REQUIRED ACTION » With the pictures omitted, repeat exactly the lines below starting with the line that has "14KT PENDANT AND CHAIN" and going on through the line that has "150 5 × 62 75 Tablecloth Template".

AVAILABLE DATA »
--- START ---

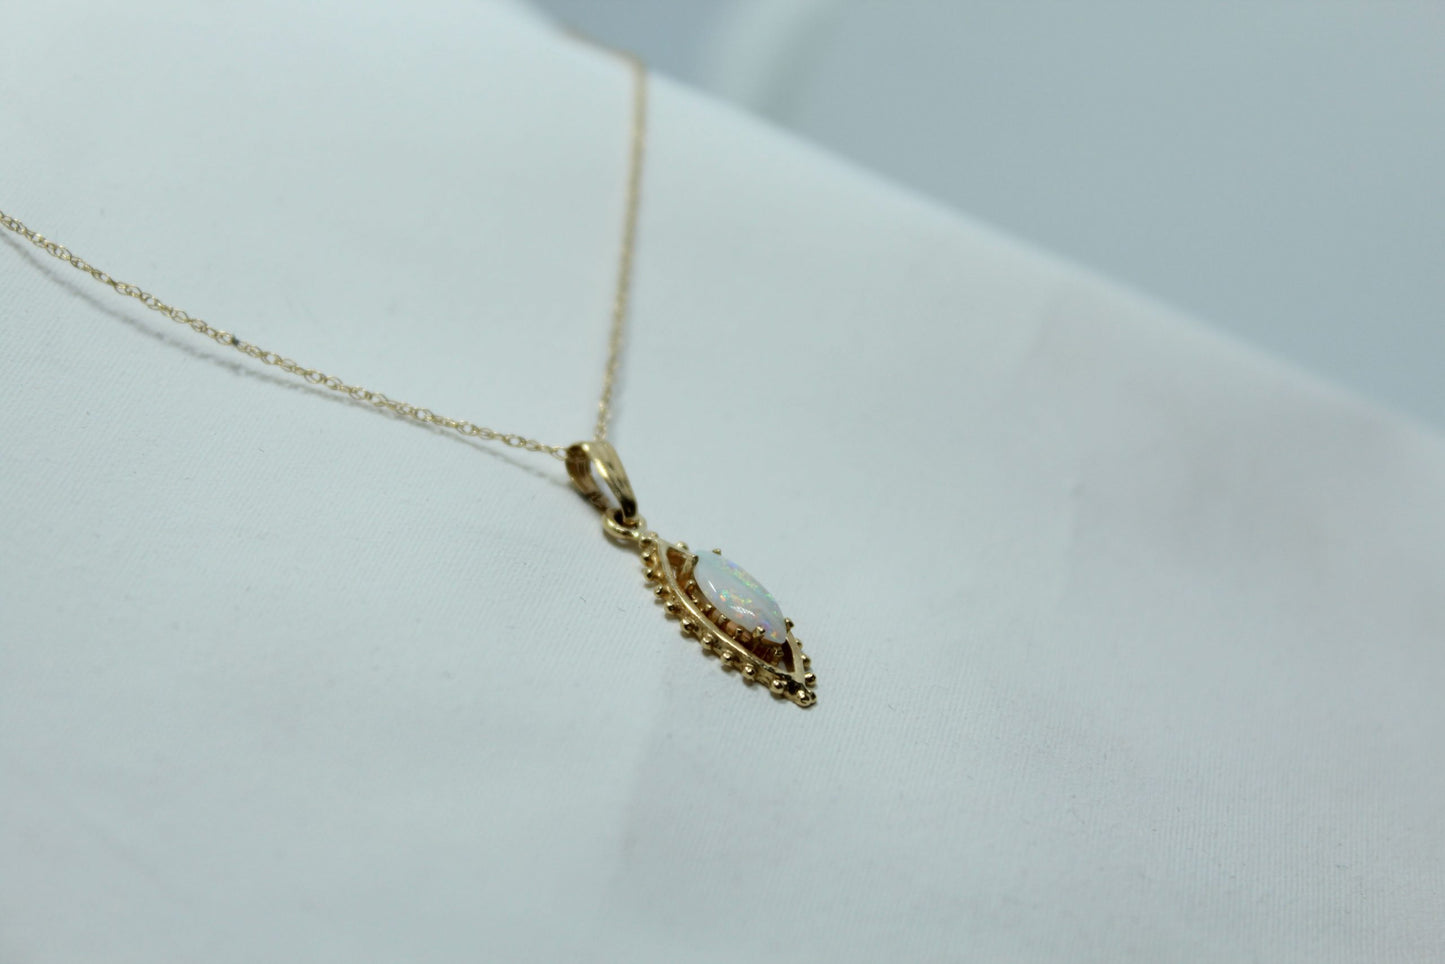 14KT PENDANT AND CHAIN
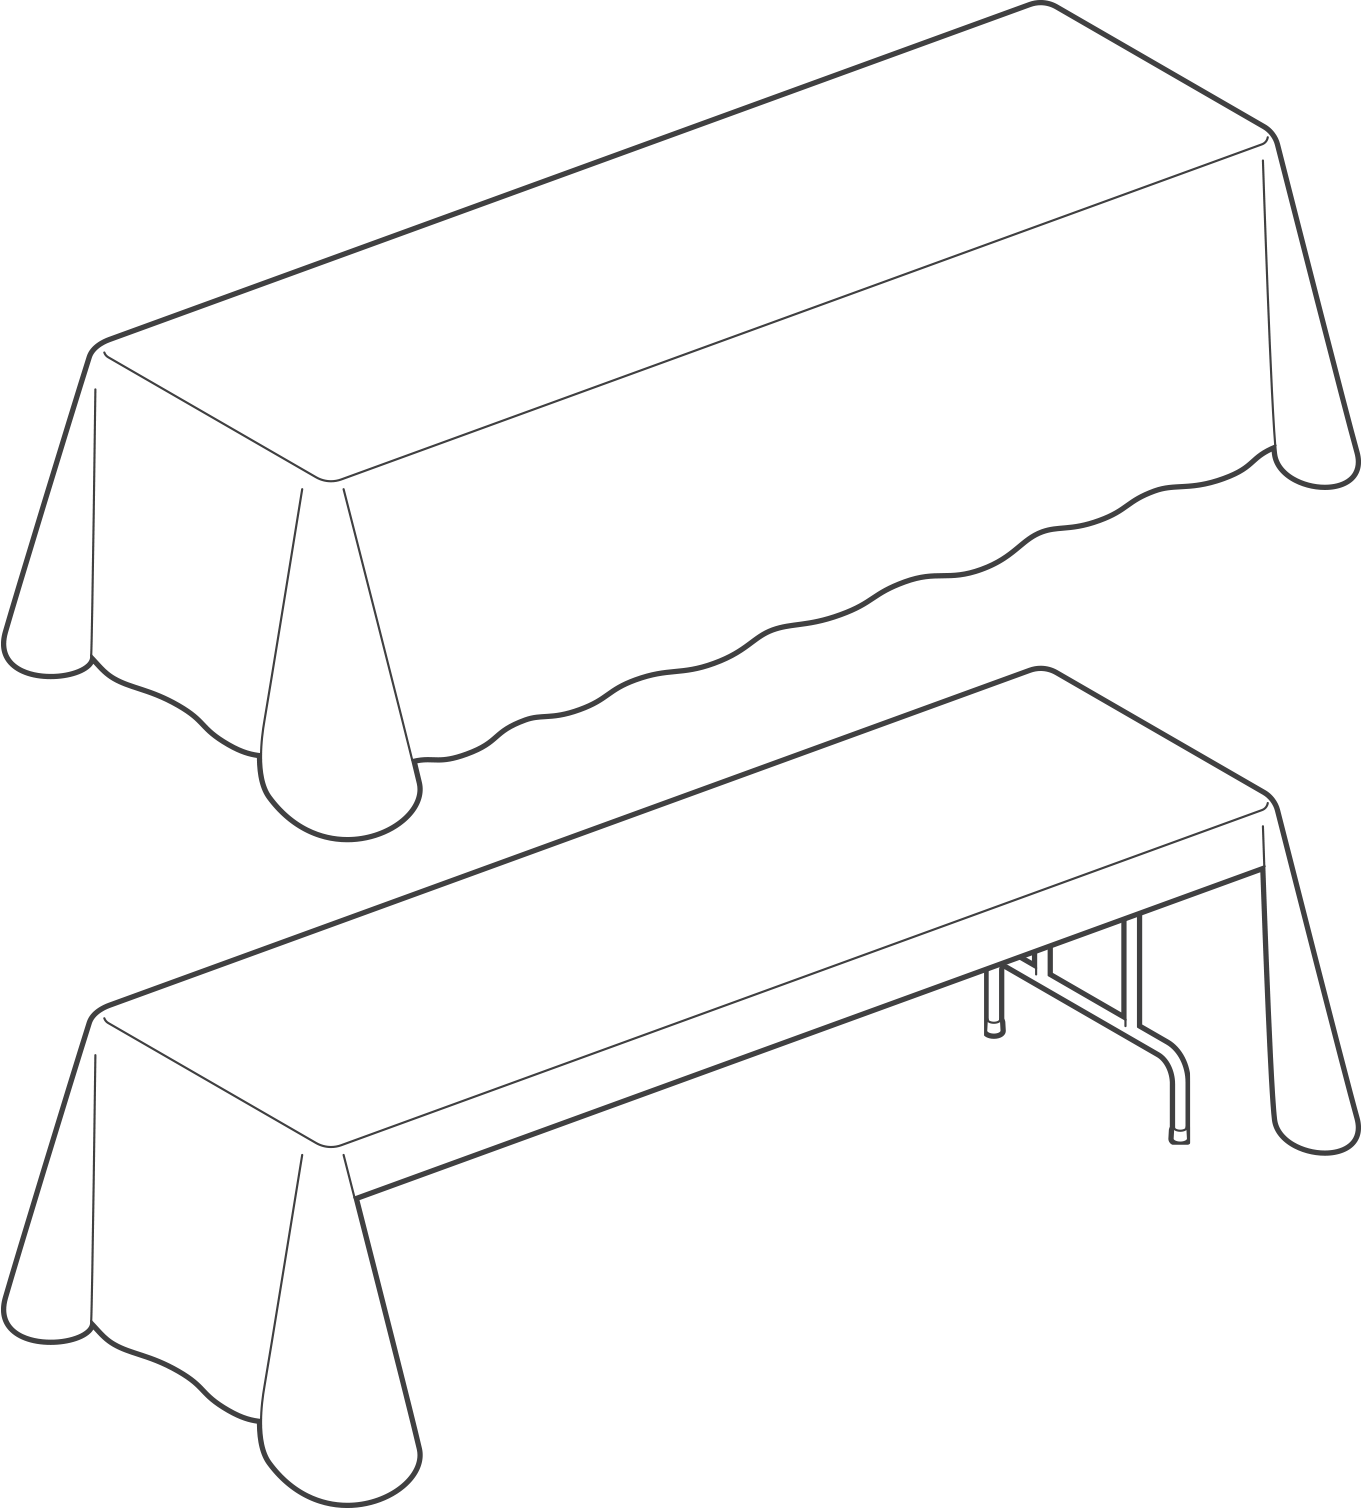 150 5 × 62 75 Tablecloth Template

--- END ---
--- START ---

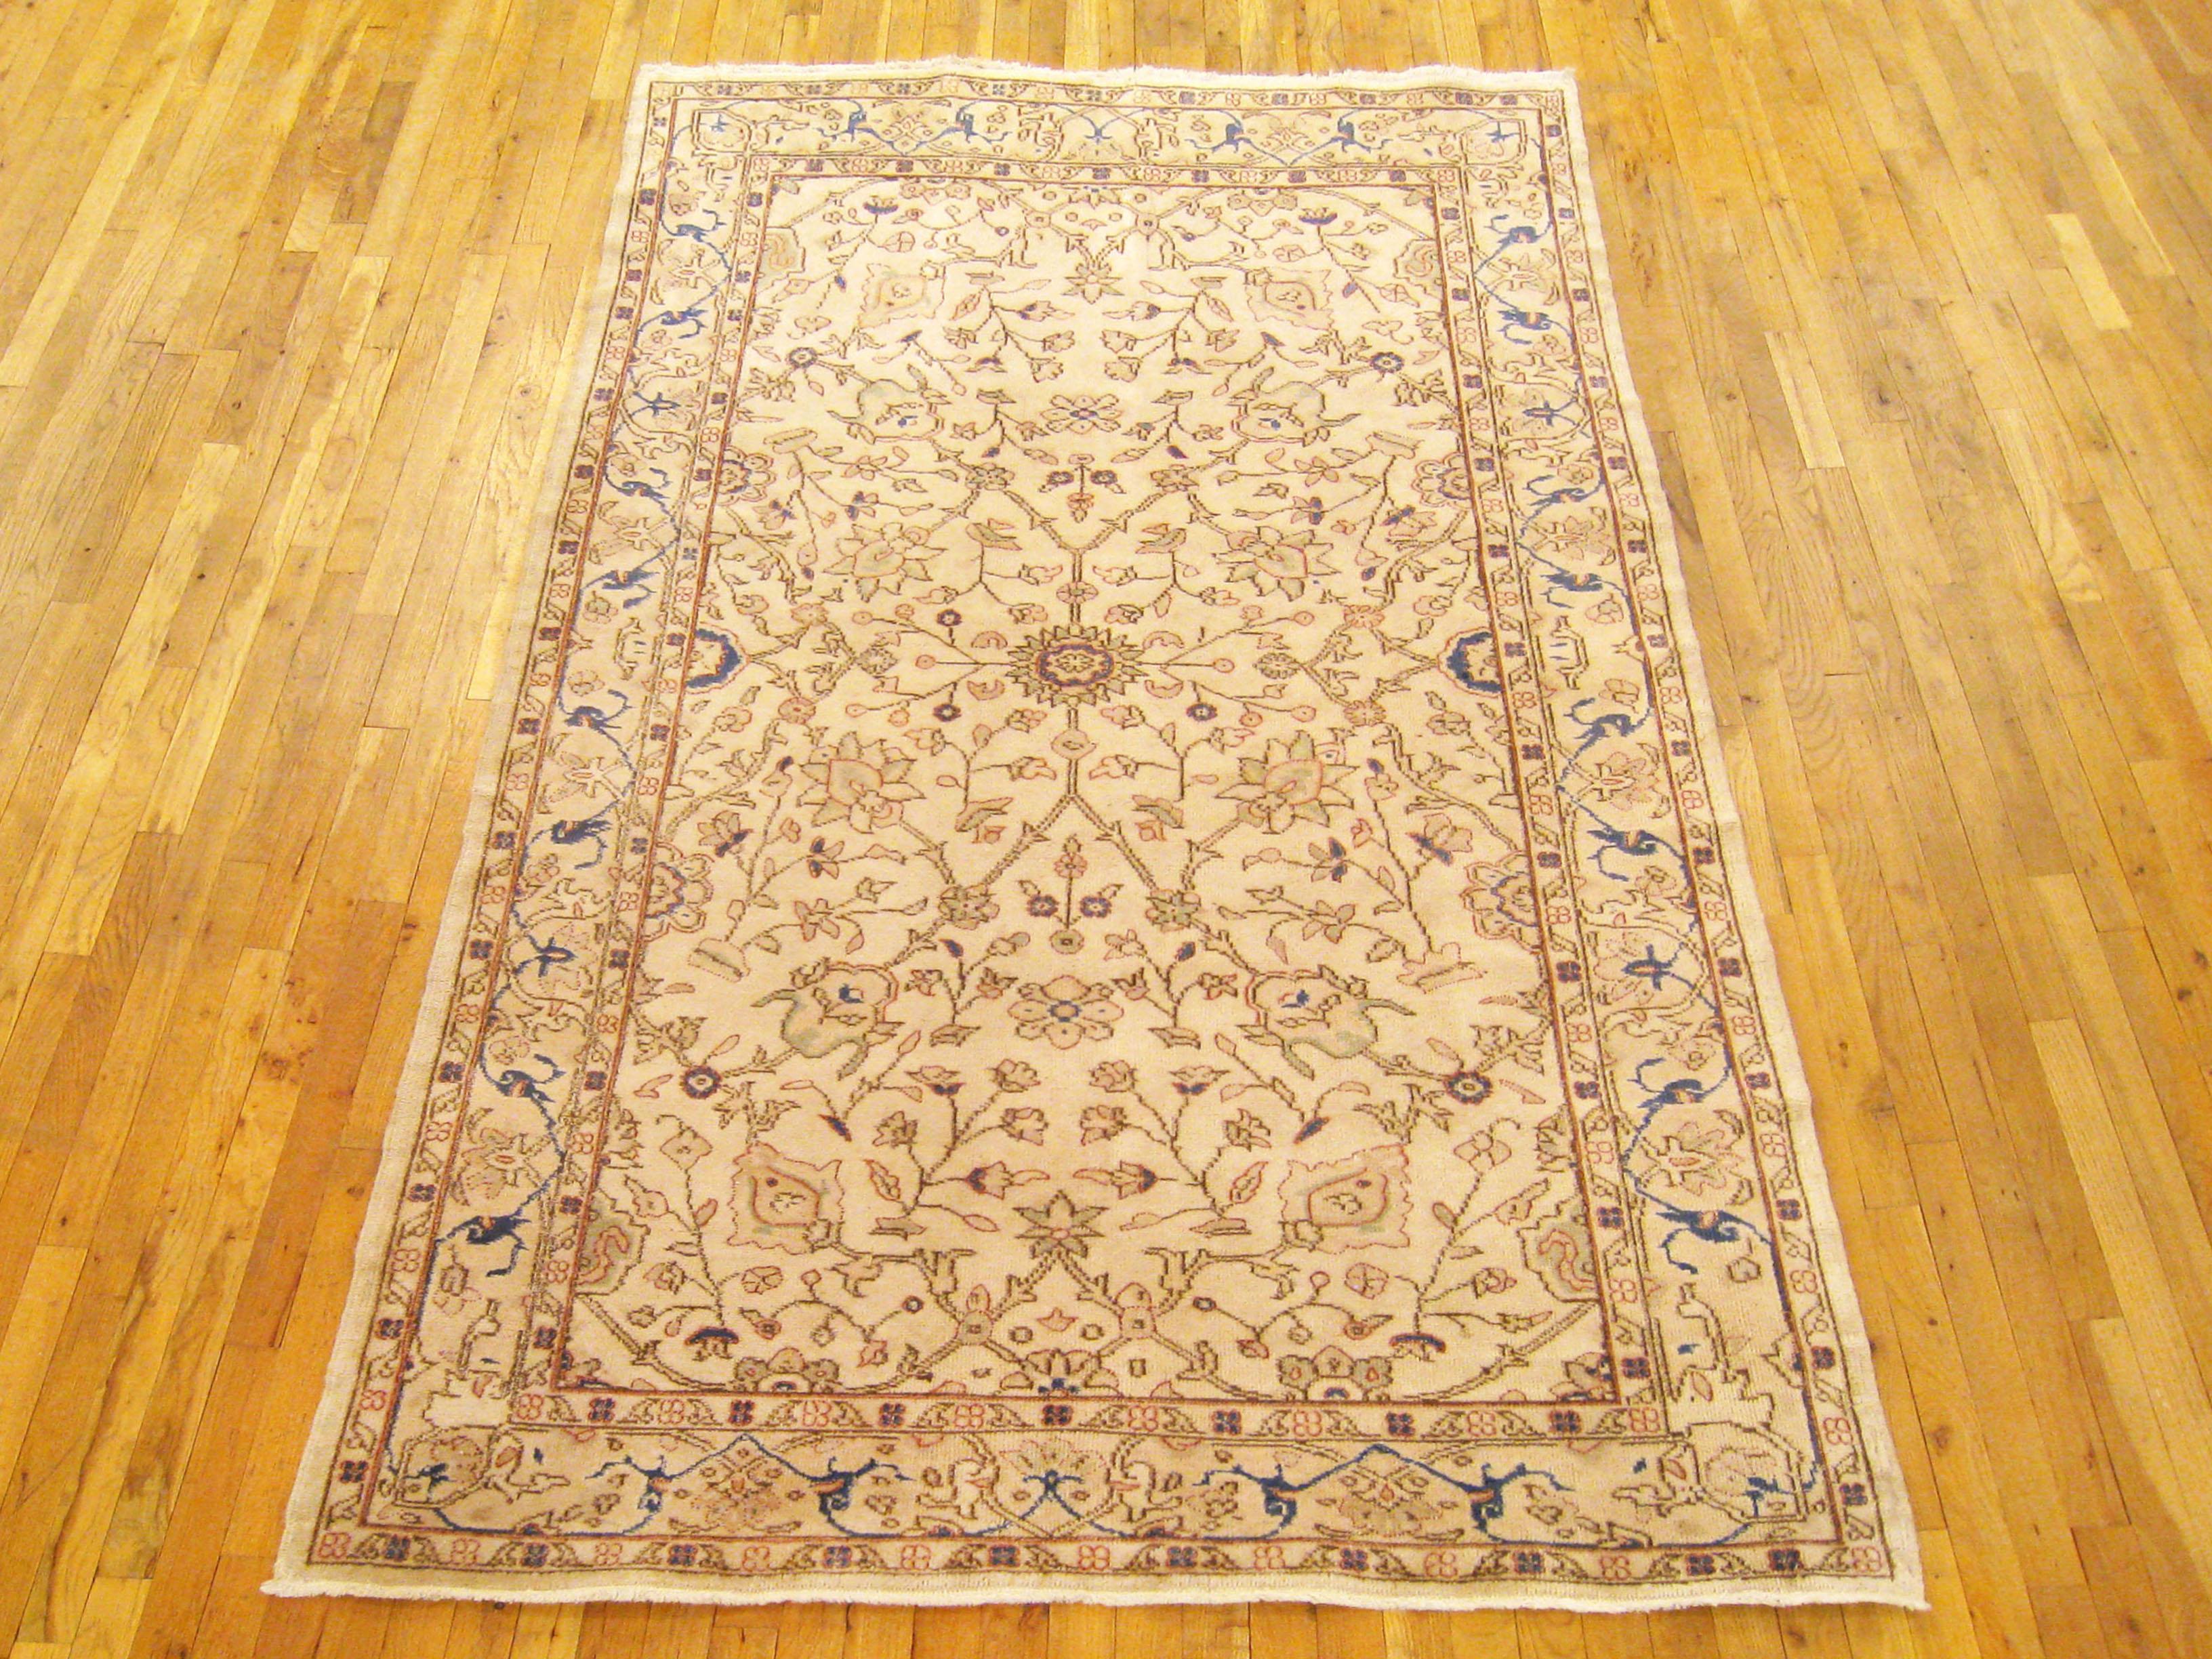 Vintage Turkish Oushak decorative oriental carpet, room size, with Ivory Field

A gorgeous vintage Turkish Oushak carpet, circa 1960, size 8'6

--- END ---
--- START ---

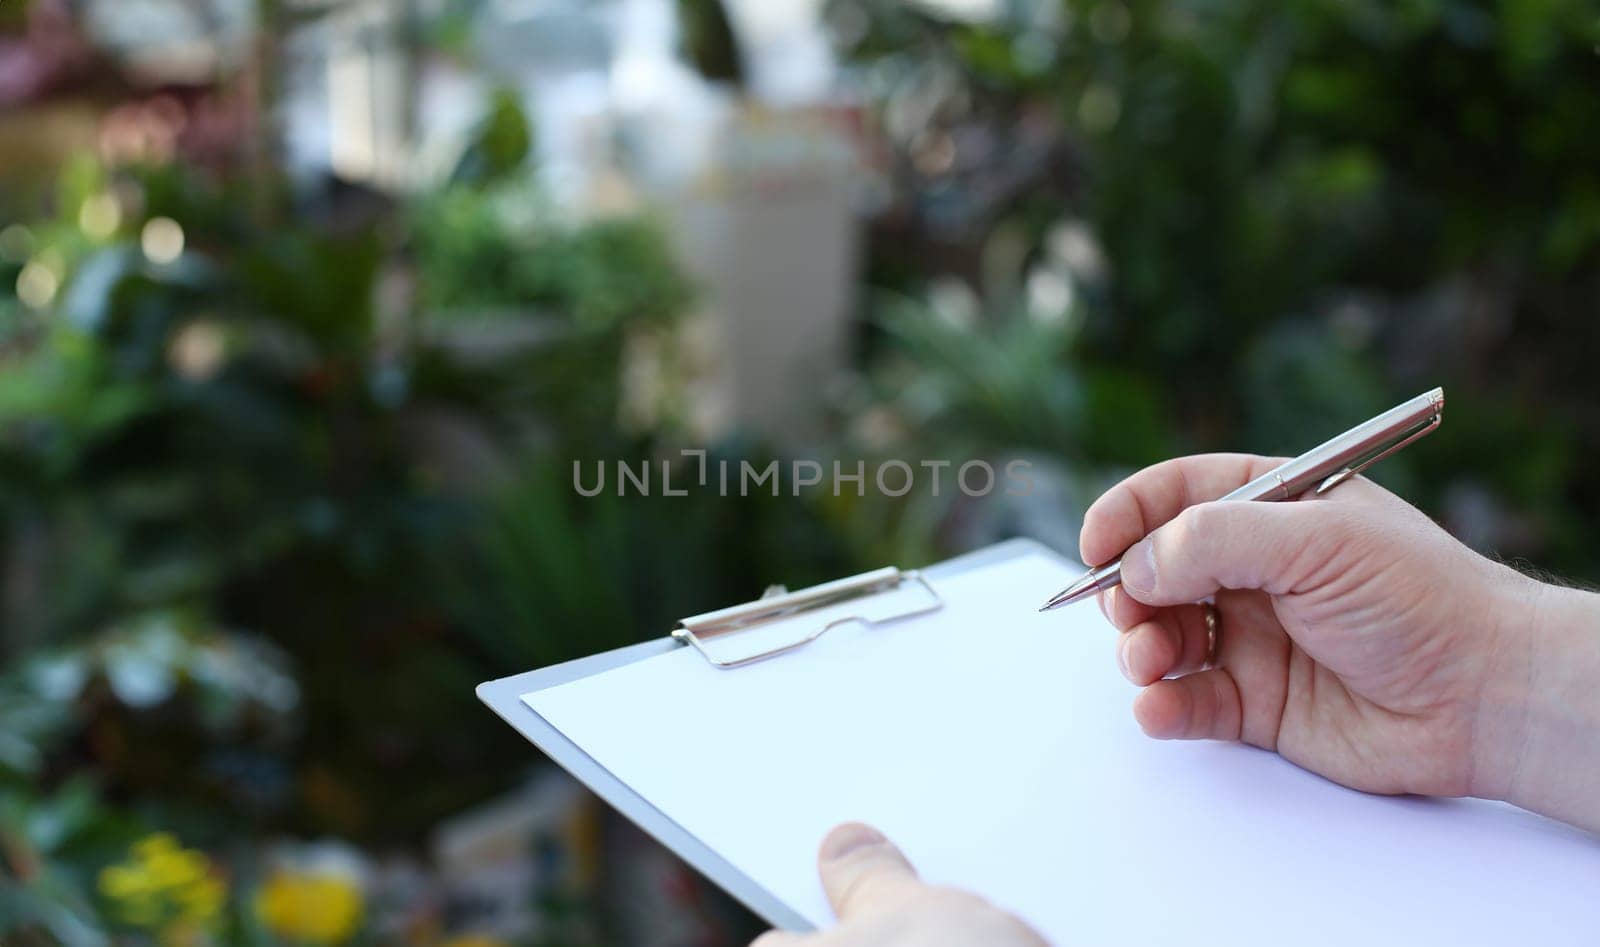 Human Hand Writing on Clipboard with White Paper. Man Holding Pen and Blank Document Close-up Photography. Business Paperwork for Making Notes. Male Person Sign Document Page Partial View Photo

--- END ---

WORKED SOLUTION »
 14KT PENDANT AND CHAIN
 150 5 × 62 75 Tablecloth Template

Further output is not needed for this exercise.